If you experience any error that appears to be a problem with the ML Optimizer feature (for example, experiencing SQL1224N or SQL0901N errors, hangs, etc. only while the feature is enabled), please send as much of the following information as you can to the e-mail listed in the “Feedback” topic:

  • Exported data from the SYSTOOLS.TABLE_MODELS table. The SYSTOOLS.TABLE_MODELS table does not contain any table data; it contains information about the tables on which models are trained on (including the schema and table name, as well as the training columns), metadata about the models, and a binary representation of the models. This table can be exported using the following Db2 command:
EXPORT TO mloptTableModels.ixf OF IXF LOBS TO mloptLobs/ LOBFILE mloptLobExport MODIFIED BY LOBSINFILE SELECT * FROM SYSTOOLS.TABLE_MODELS
  • The output of db2pd -db <database name> -mlopt
  • The db2diag.log and db2optstats logs
  • db2support <output_path> -d <database name> -cl 0

Example

This example uses the SAMPLE database. An access plan of the query with default statistics on the SALES table will be compared to an access plan using a learned model.

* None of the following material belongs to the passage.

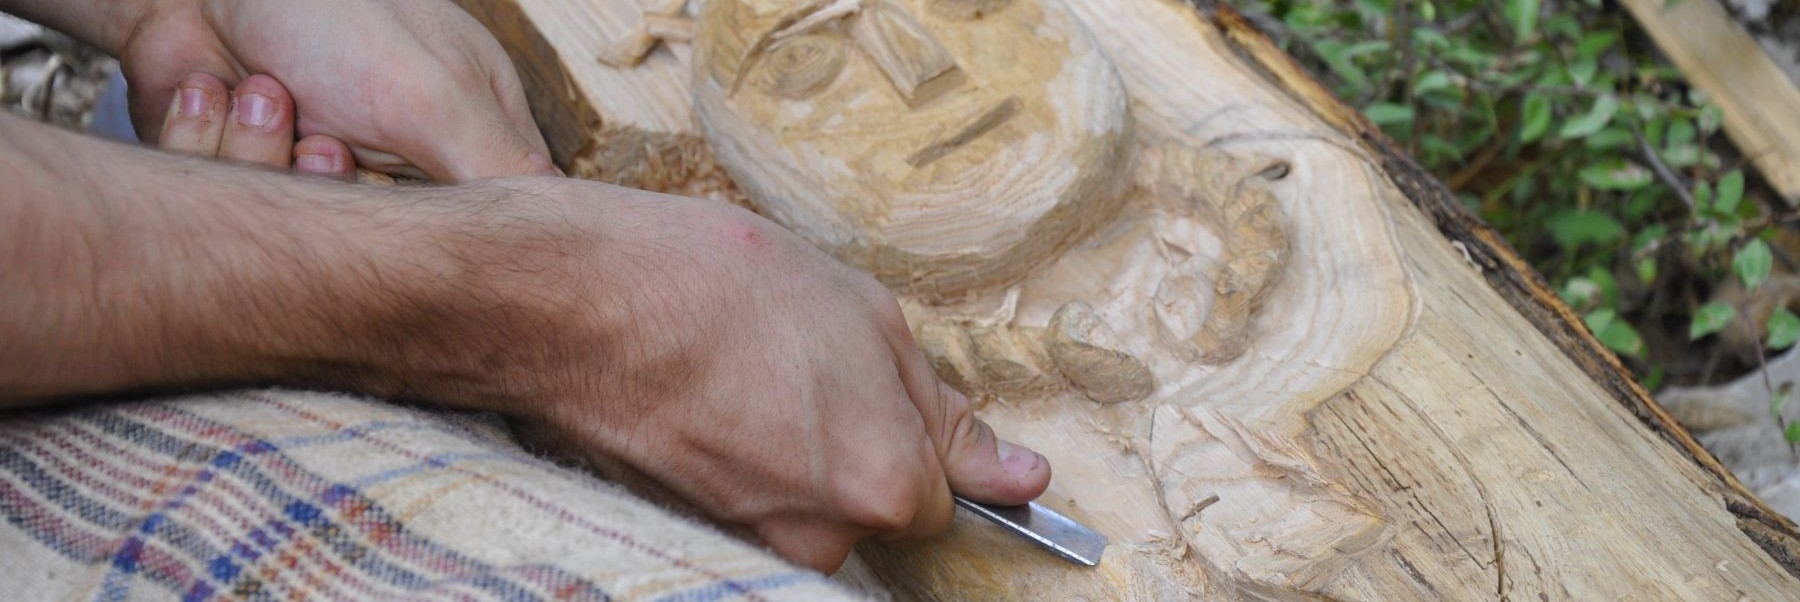 Randa Ardesca Archéosite d'Ardèche - Sculpture sur bois

First, statistics are collected on the SALES table:

RUNSTATS ON TABLE MYSCHEMA.SALES ON ALL COLUMNS WITH DISTRIBUTION ON ALL COLUMNS AND SAMPLED DETAILED INDEXES ALL;

Consider the following query on the SALES table:

SELECT SALES_DATE, SALES_PERSON, REGION, SALES FROM MYSCHEMA.SALES WHERE SALES_PERSON = 'LUCCHESSI' AND REGION = 'Manitoba' AND SALES = 1;

This query returns the following three records:

SALES_DATE SALES_PERSON    REGION          SALES
---------- --------------- --------------- -----------
03/30/2006 LUCCHESSI       Manitoba                  1
03/31/2006 LUCCHESSI       Manitoba                  1
04/01/2006 LUCCHESSI       Manitoba                  1
  3 record(s) selected.

The captured access plan for this query is shown below. The cardinality estimate of the base table is shown above the schema and table name. The output from the table scan operator (annotated as TBSCAN and is where the predicates are applied for this query) is shown above the operator and denotes the operator’s cardinality estimate:

      0.706722
       TBSCAN
       (   3)
       539.221
         192
         |
         41
CO-TABLE: MYSCHEMA
        SALES
         Q1

The cardinality estimate is 0.706722 after applying the predicates which doesn’t match the actual result of 3.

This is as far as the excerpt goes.